As religious prescriptions for living lately have come to be infused into daily life in novel and provocative ways, the question is often posed: Has the presence of Islam changed the face of social relations in the West? The question has especially animated Canada’s bilingual Quebec province - a political entity that seeks to apply the rule of law to all its residents, without exception. This is a debate we’d do well to consider, as voices raised to implement and to protest exceptions to the law become more frequent, more strident, and more divisive.
In the beginning was the town of Hérouxville (motto: Carpe Diem), whose municipal council unanimously adopted a code (in English and in French) of “societal norms” in January. These applied to the town’s 1,300 residents, but concerned future resident immigrants, especially. Most noted was language condemning public stoning of women and genital excision.
The point? The fact that “men and women have the same value.” And that from this derives
“a woman’s right to drive an automobile, vote her conscience, sign checks, dance, and decide for herself.”
This being, the charter continues,
“we consider it unacceptable to stone women to death in the public square, or to burn them alive, disfigure them with acid, or subject them to genital mutilation.”
The Hérouxville code was inflammatory by design, and resembles the resolution, passed unanimously by Quebec’s National Assembly in May 2005, that opposed the creation of Islamic tribunals in the province (and across the nation, they hoped). This resolution was the product of disputes that had gripped Ontario over the reasonableness of Islamic arbitration, and made Quebec the first province to expressly forbid Islamic (sharia) law.
After the vote, the Premier noted:
“It’s important to send a very clear message that there’s one rule of law in Quebec.”
“In our case, we are very much an inclusive society, but a society that will govern itself by one set of rules.”

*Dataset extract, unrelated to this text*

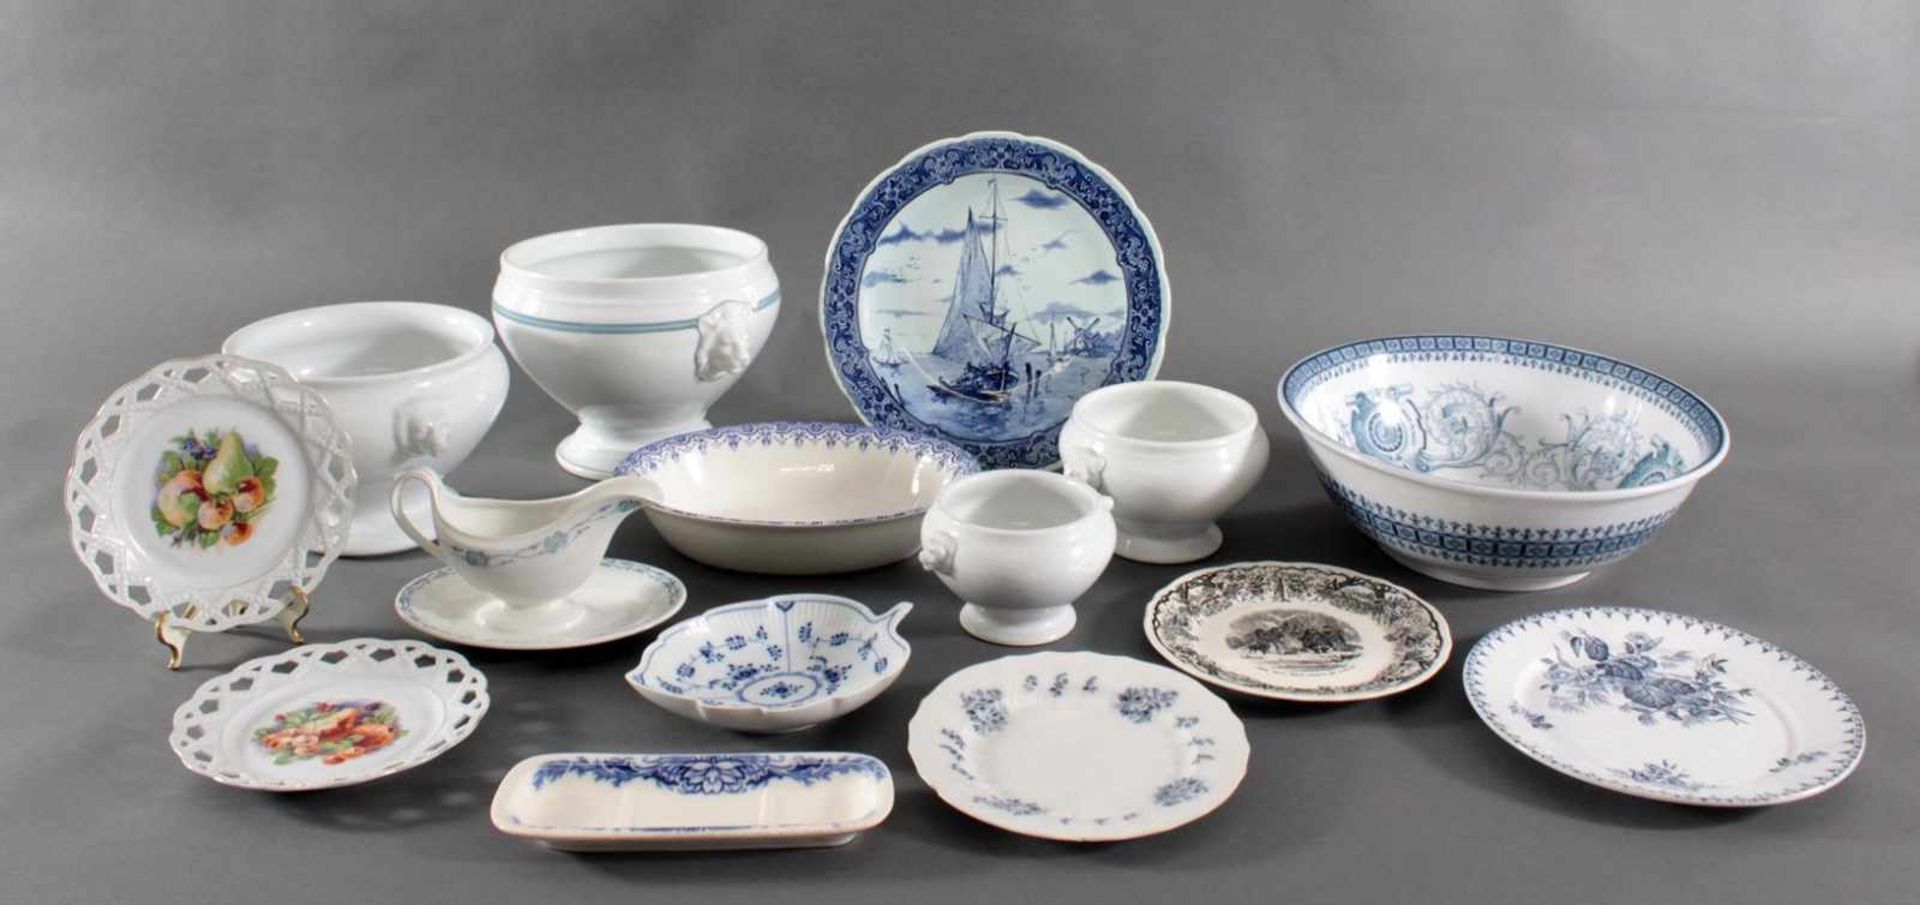 Konvolut Porzellan und Keramik um 19004 Suppenschüsseln mit seitlichen Handhaben in Form von

Finally, the Hérouxville “norms” raised such a chahut (ruckus) across the province that Quebec Premier Jean Charest felt impelled to charter a special commission to examine the lengths to which the province ought to “accommodate” religious minorities. And in a surprising turnaround two weeks later -- on the heels of a visit from a Muslim women’s delegation, and threats of action by the Canadian Islamic Congress and the Canadian Muslim Forum -- “genital excision” and “public stoning of women” were dropped from the code for reason of perceived anti-Muslim bias.
And yet, Quebeckers did not abandon the discussion of religious concessions; the Hérouxville code served to ferment the debate, which has exploded into view since the Premier’s commission began its work this month. Since January-and in the last weeks, expecially-the number of articles published on the subject of “reasonable accommodations,” and the commission’s own charter, has become difficult to ignore.
Montreal’s La Presse recently complained of “reasonable accommodations” throughout the province, including prenatal courses forbidden to men (for purposes of gender segregation), and steps taken to respect the “cultural and religious specificity” of hospital guests. These include allowing male relations to supervise medical examinations of women. Concessions like these were conceived to satisfy a number of Quebec’s Muslims, who objected to unsupervised, intimate contact between a woman and her physician. Complaints against concessions made to Quebec’s Jewish and Sikh communities also feature prominently, but it’s clear by the language employed by the Hérouxville councilors, media types, and members of the political establishment, that demands from within and about Quebec’s Muslims are driving the agenda.
Reflecting on Quebec’s present discussion, I wonder what it will take to provoke a debate on “reasonable accommodations” in the United States. And when will we conclude that accommodation of religious practice cannot come without conditions? Hérouxville represents a symbolic (if Quixotic) gesture by an almost entirely homogeneous provincial settlement, which hopes to denounce offences presumably covered by Canada’s criminal code. The point for these Quebeckers was not to break ground for new law, but to make clear that the ideas that contribute to certain religious practice are in and of themselves reprehensible. “Appalling,” not “different.”
Quebeckers don’t want to argue with God; and they have taken steps to guarantee that refusal to debate God’s mind does not require one to endorse others’ eccentric or cruel customs for harmony’s sake -- or to keep the peace.
Quebec, the “most godless province in the West,” by one count or another, nonetheless seeks to impose a single legal framework within her boundaries. She will not be a province under God, but she will demand liberty and (a single) justice for all-whether one is of mass or minority opinion.
Whatever occurs, Quebec’s public hearings on “reasonable accommodations” for religious minorities have now begun, and will continue throughout November, in 17 communities across the province. Recommendations will be read to the provincial government and the public in March 2008.
I hope that Quebec will shrug off allegations of “Islamophobia,” and choose instead to endorse equality before the law. In so doing, the province will have presented a model for public discussion, and may suggest answers to our own, whispered questions. Quebec will be well worth watching in the coming year.
How the commission’s recommendations will square with Quebeckers’ ideas on the subject of accommodation-and whether the commission’s position will be taken as evidence of dread aplatventrisme (prostrate surrender), we can’t be sure.
Aplatventrisme or “reasonable accommodation”? For many Quebeckers, it’s become a tomayto/tomahto sort of thing.